The adjuvant should be chosen for a capacity to increase overall analgesia, rather than an ability to reduce opioid adverse effects. For example inclusion of a poorly absorbed opioid receptor antagonist, with the intent of reducing constipation, would not be considered of high programmatic interest..
The combination dosage form proposed by the application should provide sustained relief when it is the only analgesic used and is administered no more than three times in a 24 hour period. The formulation should be such that a patient with reasonable mobility is able to self-administer the drug (eg oral dosage form).

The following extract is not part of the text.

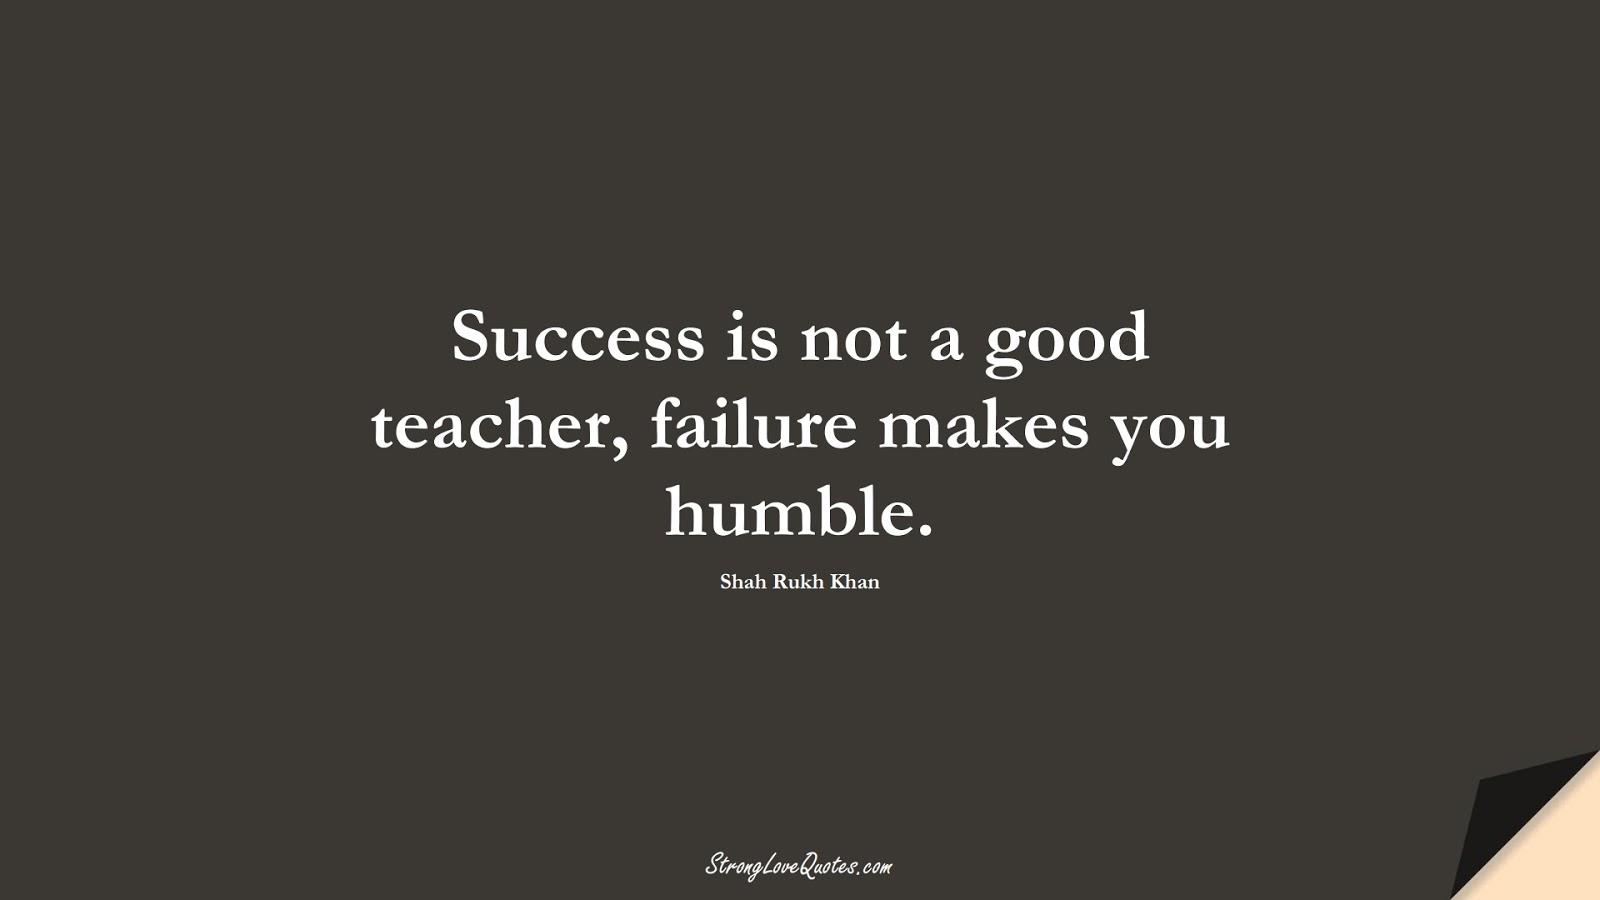 Success is not a good teacher, failure makes you humble. (Shah Rukh Khan);  #EducationQuotes
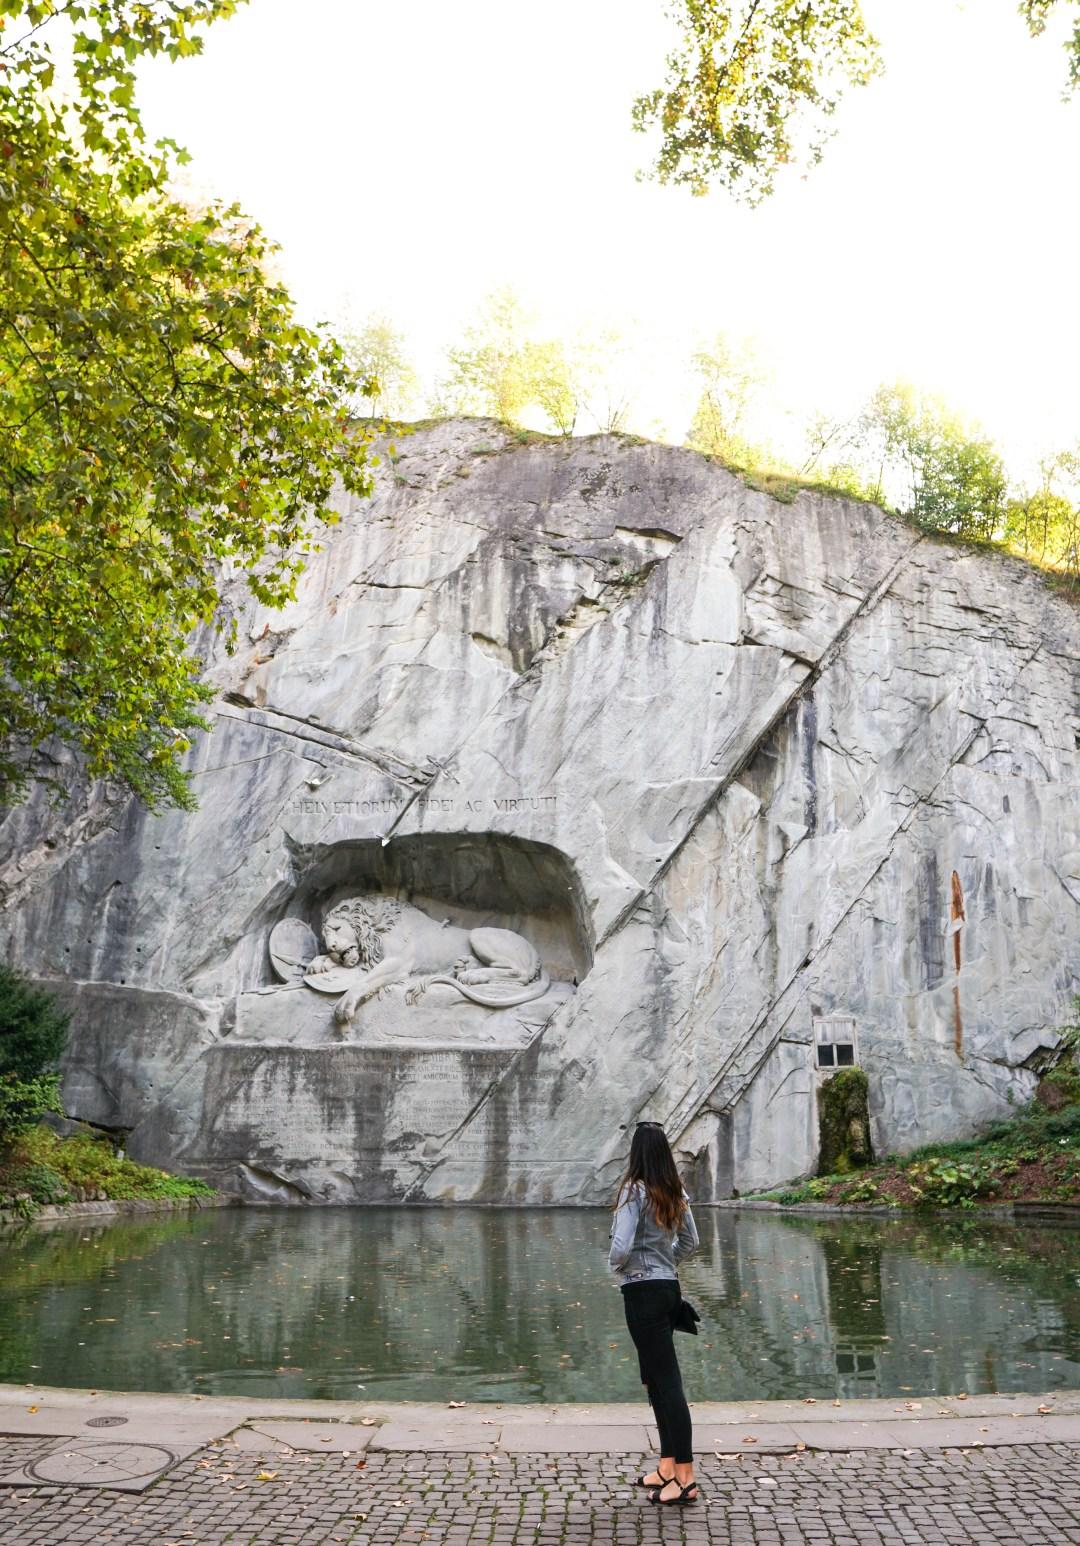 Lion of Lucerne, Lion Monument, Lucerne Swizterland, things to do in Lucerne

The application should propose late-stage drug development-oriented studies that significantly drive the project towards an ultimate aim of a New Drug Application [505(b)(1or2)] or Abbreviated New Drug Application [505(j)] for the treatment of a long-term pain condition.
Studies planned for Phase1 of the project should focus on issues that concern feasibility of the project. The exact nature of such studies will differ depending on the proposed drug combination project.
Studies that might be appropriate for Phase1 STTR applications include, but are not limited to:
- Development of a formulation that safely delivers the desired amount of both agents over an appropriate dosing interval.
- Preclinical studies demonstrating additive or synergistic analgesia with the opioid-adjuvant combination.
- Studies to provide data for an Investigational New Drug (IND) submission such as short term stability studies,
- Pre-IND consultations with an FDA project management group and development of the IND documentation.
Examples of projects appropriate for the Phase2 of an STTR award might include:
- Pharmacokinetic absorption and disposition studies to demonstrate the bioequivalence between approved dosage forms and the proposed product
- Proof of concept clinical studies. Appropriate outcome measures might aim to detect and distinguish value added by an opioid adjunctive therapy, whether due to improved analgesia or reduced required opioid dosage.